This is not considering our code style -- just use the same line
with `while`.

> +      crc = (crc << 8) ^ crc32_table[((crc >> 24) ^ *buf) & 255];
> +      buf++;
> +    }
> +  return crc;
> +}
> +
> +uint32_t lj_get_file_crc32(const char* name) {

I suppose, that it should be done in the other module -- maybe memprof
itself.

Also, this function return 0 on failure and hashsum otherwise. But it is
possibly that the hashsum equals zero.
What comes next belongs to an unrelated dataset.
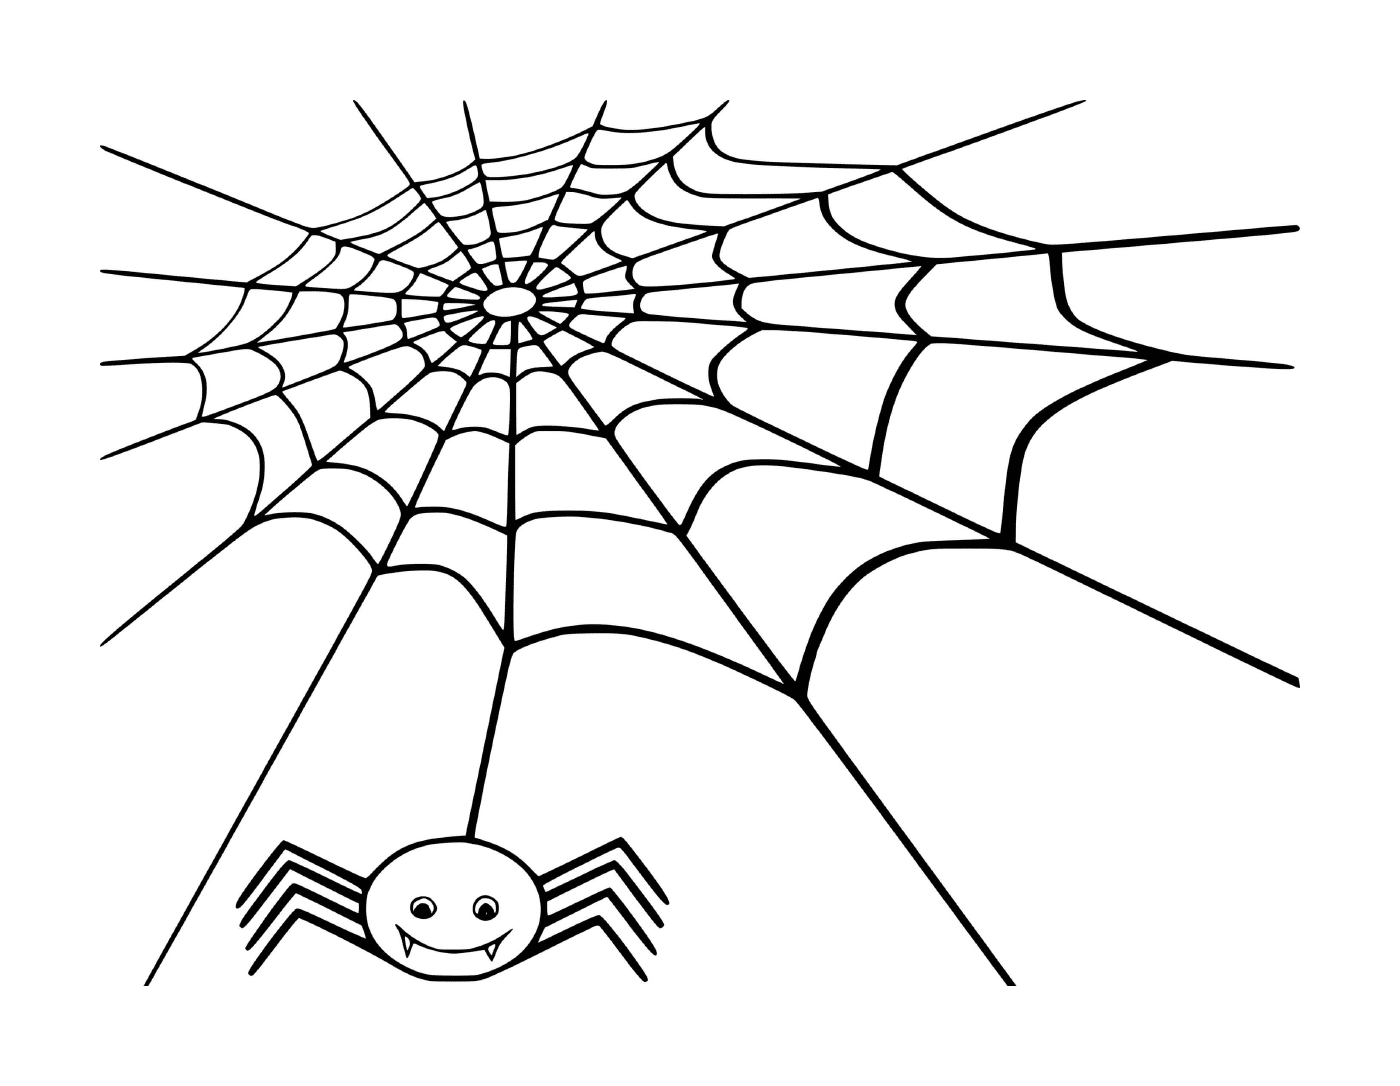  蜘蛛的蜘蛛网 蜘蛛等待猎物的蜘蛛网

What is the behaviour in this
case?

> +  FILE* so = fopen(name, "r");
> +  if(!so) {

Typo: s/if(!so)/if (!so)
Here and similar typos below.

Nit: Brackets are excess.

> +    return 0;
> +  }
> +
> +  fseek(so, 0, SEEK_END);
> +  size_t size = ftell(so);

Nit: please declare all necessary variable at the beggining of the
scope. See also warnings, when build with:
-Wdeclaration-after-statement

Nit: See no changes related to this variable, so it can be declared as
`const`.

Why do you prefer to read the whole file at once instead read it
piece by piece and calculate the hash from the reading stream?
It has less memory usage -- we even can use memory on the stack.
Also, with this we can avoid OOM errors.

> +  rewind(so);
> +
> +  char* buf = calloc(size, sizeof(char));

It is better to use LuaJIT allocator here, as it is done for all
internal structures.

> +  if(!buf) {
> +    fclose(so);
> +    return 0;
> +  }
> +
> +  if(size != fread(buf, sizeof(char), size, so)) {
> +    free(buf);
> +    fclose(so);
> +    return 0;
> +  }
> +
> +  uint32_t hash = lj_crc32(buf, size, 0);

Why do you use 0 instead of 0xffffffff mentioned in the <lj_hash.h>?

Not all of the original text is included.